Please check before this update if you are relying on any of those, and upgrade your dependent systems.

Various packages in IPFire had to be patched to be able to use the new library. This major work was necessary to provide IPFire with the latest cryptography, migrate away from deprecated algorithms and take advantage of new technology. For example the ChaCha20-Poly1305 ciphersuite is available which performs faster on mobile devices.

The old version of the OpenSSL library (1.0.2) is still left in the system for compatibility reasons and will continue to be maintained by us for a short while. Eventually, this will be removed entirely, so please migrate any custom-built add-ons away from using OpenSSL 1.0.2.



These add-ons have been updated: clamav 0.99.4, htop 2.1.0, krb5 1.15.2, ncat 7.60, nano 2.9.4, rsync 3.1.3, tor, wio 1.3.2

Michael Tremer

IPFire 2.19 - Core Update 119 is available for testing
by Michael Tremer, February 26

Hello Community,

it is time for another Core Update that updates the toolchain of the distribution as well as a number of smaller bug and security fixes. Therefore this update is another one of a series of general housekeeping updates to make IPFire better, faster and of course more secure!

Thanks for the people who contributed to this Core Update by submitting their patches and please help us to support everyone’s work with your donation!

Toolchain Updates

The toolchain is a collection of programs that is used to build the distribution.

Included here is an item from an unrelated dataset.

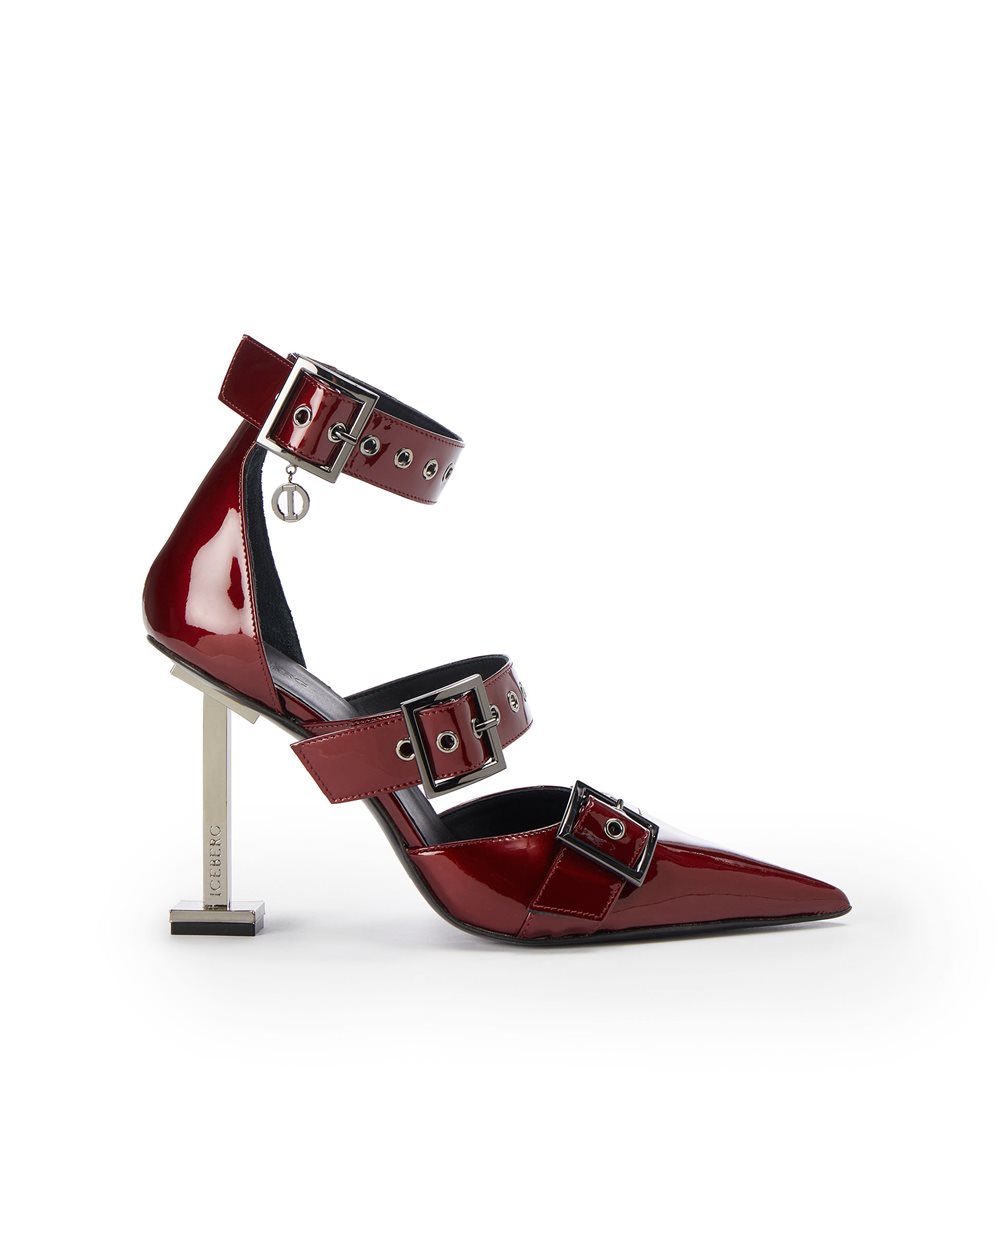 Pumps with iconic heel - carosello HP woman accessories | Iceberg - Official Website

One of the most important one is the compiler GCC which has been updated to version 7.3.0 which mainly adds support for retpoline. This is needed to build protection against Spectre into newer kernels.

The main C library, glibc, has been updated to version 2.27 and brings various stability fixes, performance improvents and bug fixes.

Other toolchain packages that have been updated: binutils 2.30, ccache 3.4.1, diffutils 3.1.6, swig 3.0.12

Security-Relevant Changes



The following packages have been updated: asterisk 13.18.5, bacula 9.0.6, bwm-ng 0.6.1-f54b3fa, flac 1.3.2, haproxy 1.8.0, nginx 1.13.7, nut 2.7.4, openvmtools 10.2.0, postfix 3.2.4, powertop 2.9, sarg 2.3.11, stunnel 5.44

These packages have been dropped and will be removed with this Core Update: lcr, mysql which was very outdated and is not needed by any add-ons.